I guess I find about myself that I know nothing except to cling to what works, and to luxuriate in small joys. But that's hardly a credo for anyone but me. But all I know to do is read my book, do my chores, take my walks, and find time for hobbies. It's a tiny life, a life not large at all. But I have faith in it, and hope from it, and I am not sure why. But I do.

Date: 2003-06-17 08:26 pm (UTC)
bluegreen17: (Default)
From: [personal profile] bluegreen17
i think the things that make you happy make a lot of folks happy. but i think the difference is that some folks are grateful for those things that make them happy,which makes them happier still. and others overlook those happy moments and are still looking for MORE. i have mostly been one of the latter type,but i am slowly aiming to become one of the grateful folks.

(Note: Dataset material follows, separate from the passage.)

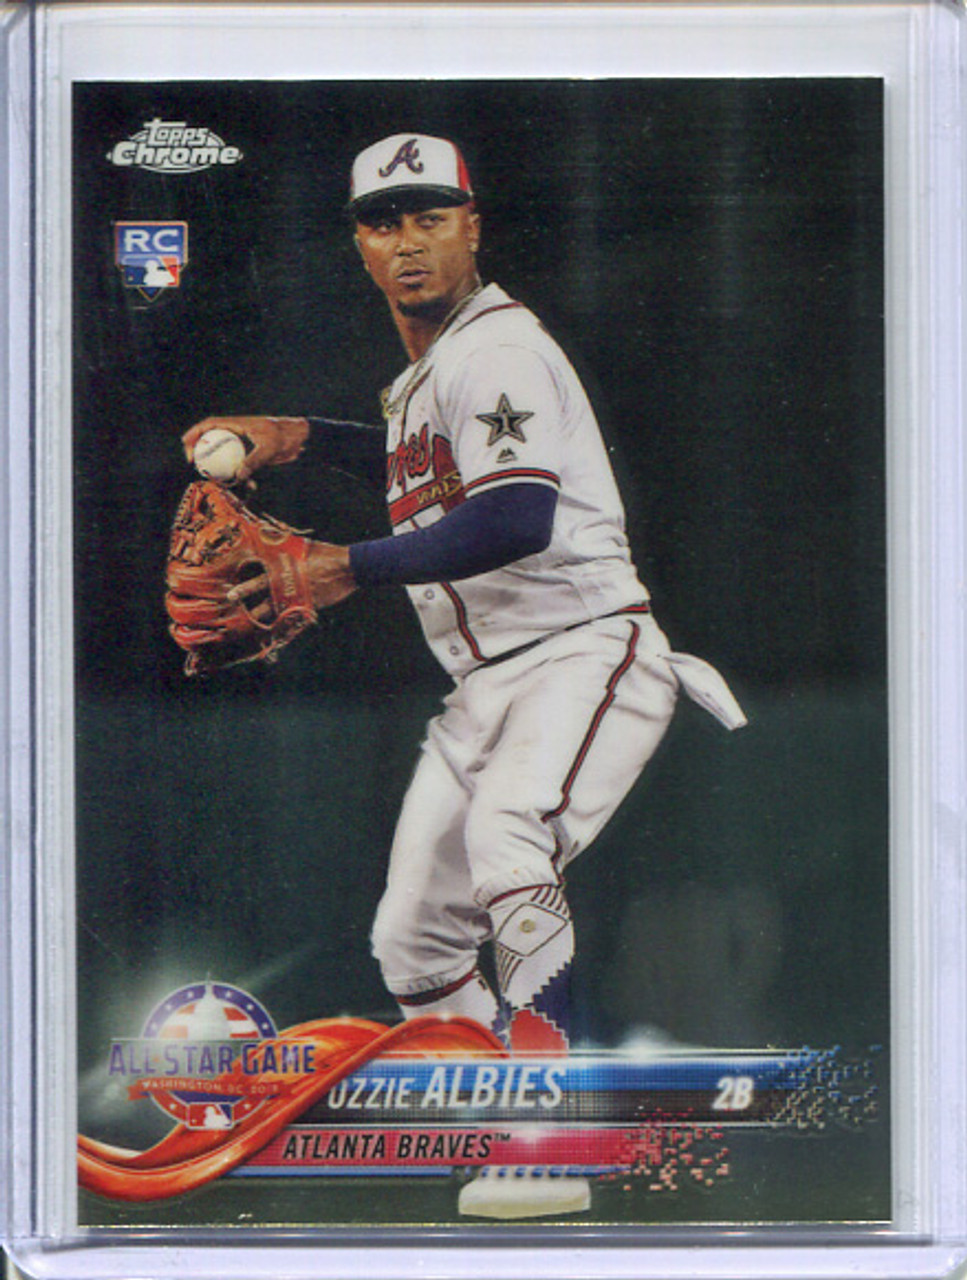 Ozzie Albies 2018 Topps Chrome Update #HMT76 All-Star

i think you're on one of the grateful types.

i dont' think your life is tiny. i think your life is rich and full.

Date: 2003-06-18 08:49 am (UTC)
From: [identity profile] gurdonark.livejournal.com
I think it's a knife edge, really--contentment or just "setting too easy?". I tend towards contentment, though. I am very grateful for the life I have.

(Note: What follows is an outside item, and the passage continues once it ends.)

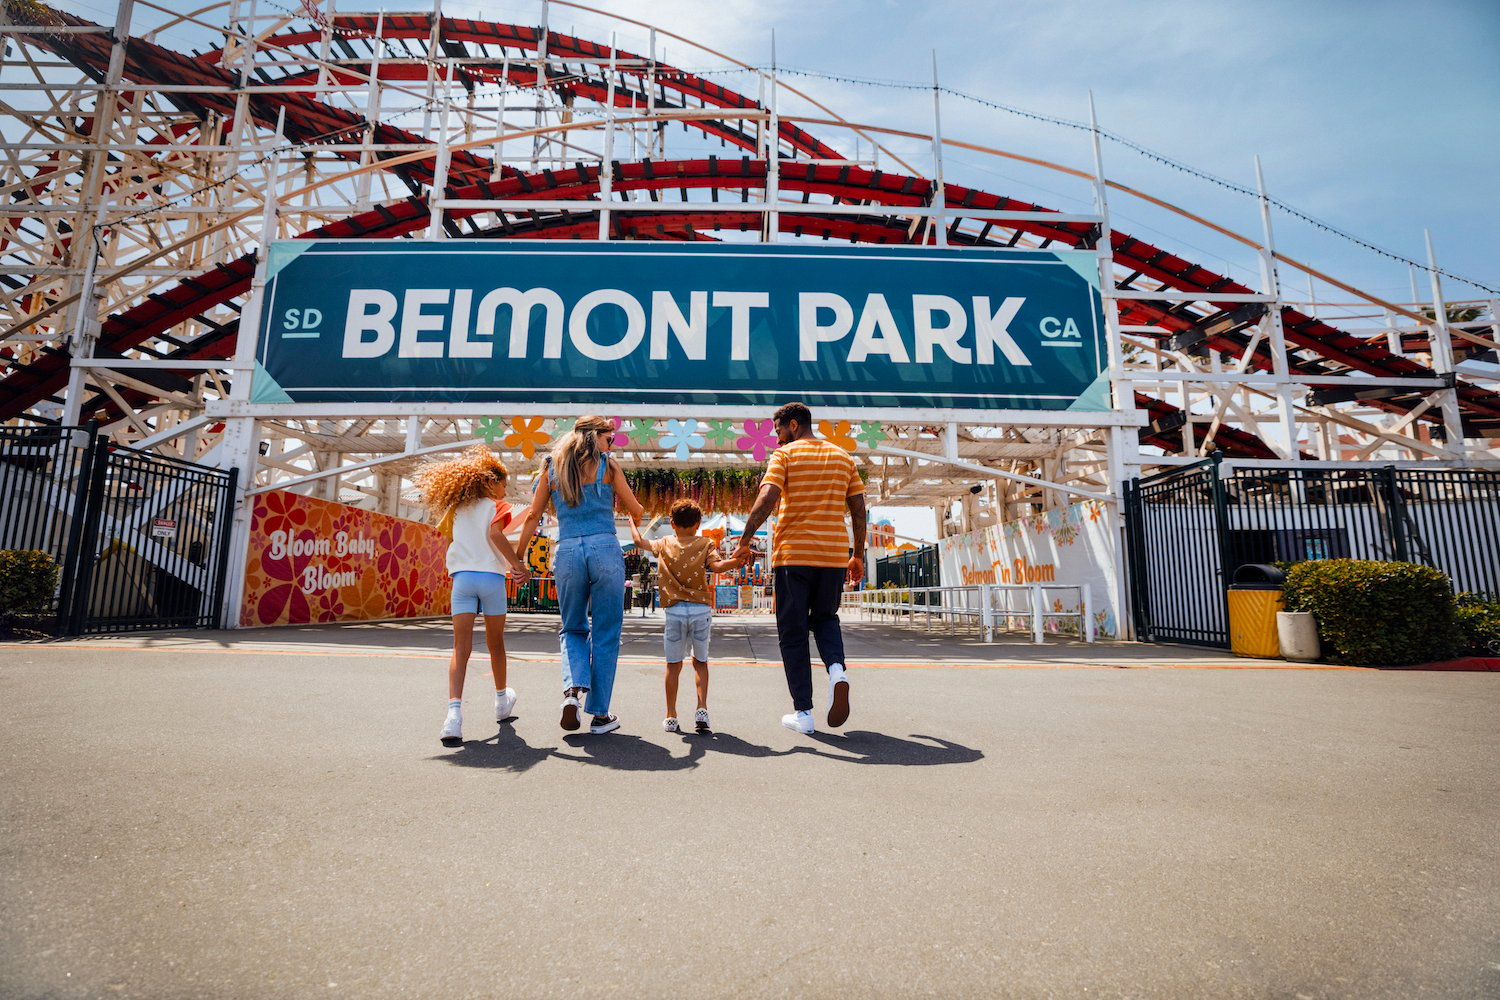 Fun things to do on Father's Day in San Diego including a day at Belmont Park, Mission Beach

Thanks for the kind words.

Date: 2003-06-17 08:35 pm (UTC)
From: [identity profile] poetbear.livejournal.com
"cling to what works, and luxuriate
in small joys.."
actually it may sound simplistic
but it's profound Bob
~paul

Date: 2003-06-18 08:49 am (UTC)
From: [identity profile] gurdonark.livejournal.com
Very kind of you. Your poetry is really going strong now!

Re:

Date: 2003-06-18 09:31 am (UTC)
From: [identity profile] poetbear.livejournal.com
yes
a lot of things combined
to set my brain off
They Dance Alone--Richie Havens
~paul

Date: 2003-06-18 07:10 am (UTC)
From: [identity profile] ghostsandrobots.livejournal.com
It made me happy to read that.

Date: 2003-06-18 08:50 am (UTC)
From: [identity profile] gurdonark.livejournal.com
I'm glad.

Date: 2003-06-18 09:16 am (UTC)
From: [identity profile] robertstheology.livejournal.com
Synchronicity! I just discovered Goethe, posted one
of his poems last night.

For me, gratitude was the beginning of a hard-earned
victory in my lifelong battle with depression. I finally
learned that I could not control all of the events in
my life, but I could control my reactions.

I am alert now, aware, centered in the present moment,
watching with a sense of wonder. When good things come,
I thank God. When bad things come, I thank God that it
was not worse. And many of the bad things have been
blessings, mentors who taught me lessons I have stubbornly
ignored for years. I have learned to love reality, what is.

Date: 2003-06-18 04:32 pm (UTC)
From: [identity profile] gurdonark.livejournal.com
I agree with you that being thankful for the good is a good place to be.